Medical Care of Varicella Zoster
  1. Treatment options are based on the patient's age, immune state, duration of symptoms, and presentation.
  2. Several studies indicate that antiviral medications decrease the duration of symptoms and the likelihood of postherpetic neuralgia, especially when initiated within 2 days of the onset of rash. In typical cases that involve individuals who are otherwise healthy, oral acyclovir may be prescribed. An important study by Kubeyinje (1997) suggested that the use of acyclovir in healthy young adults with zoster is not clearly justified, especially in situations of limited economic resources.
  3. Acyclovir has 2 limitations-bioavailability and the existence of some resistant strains of varicella-zoster virus (VZV).
  4. Other medications, including valacyclovir, penciclovir, and famciclovir, are also available. They may have an increasing role in the treatment of typical zoster. Studies suggest that, when compared with oral acyclovir, the new medications may decrease the duration of the patient's pain.

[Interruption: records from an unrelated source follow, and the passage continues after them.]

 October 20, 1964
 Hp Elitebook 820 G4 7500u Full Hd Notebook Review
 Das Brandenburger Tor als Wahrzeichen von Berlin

Surgical Care of Varicella Zoster
Surgical care may be required for complications of zoster, such as necrotizing fasciitis.

Consultations
  1. Consultation with a neurologist is indicated in cases of myelitis or encephalitis.
  2. Consultation with an infectious disease specialist may be helpful if bacterial superinfection or viral resistance to acyclovir is evident.
  3. Consultation with an ophthalmologist is indicated upon optic involvement.
  4. Consultation with a dermatologist may be helpful when the rash is atypical.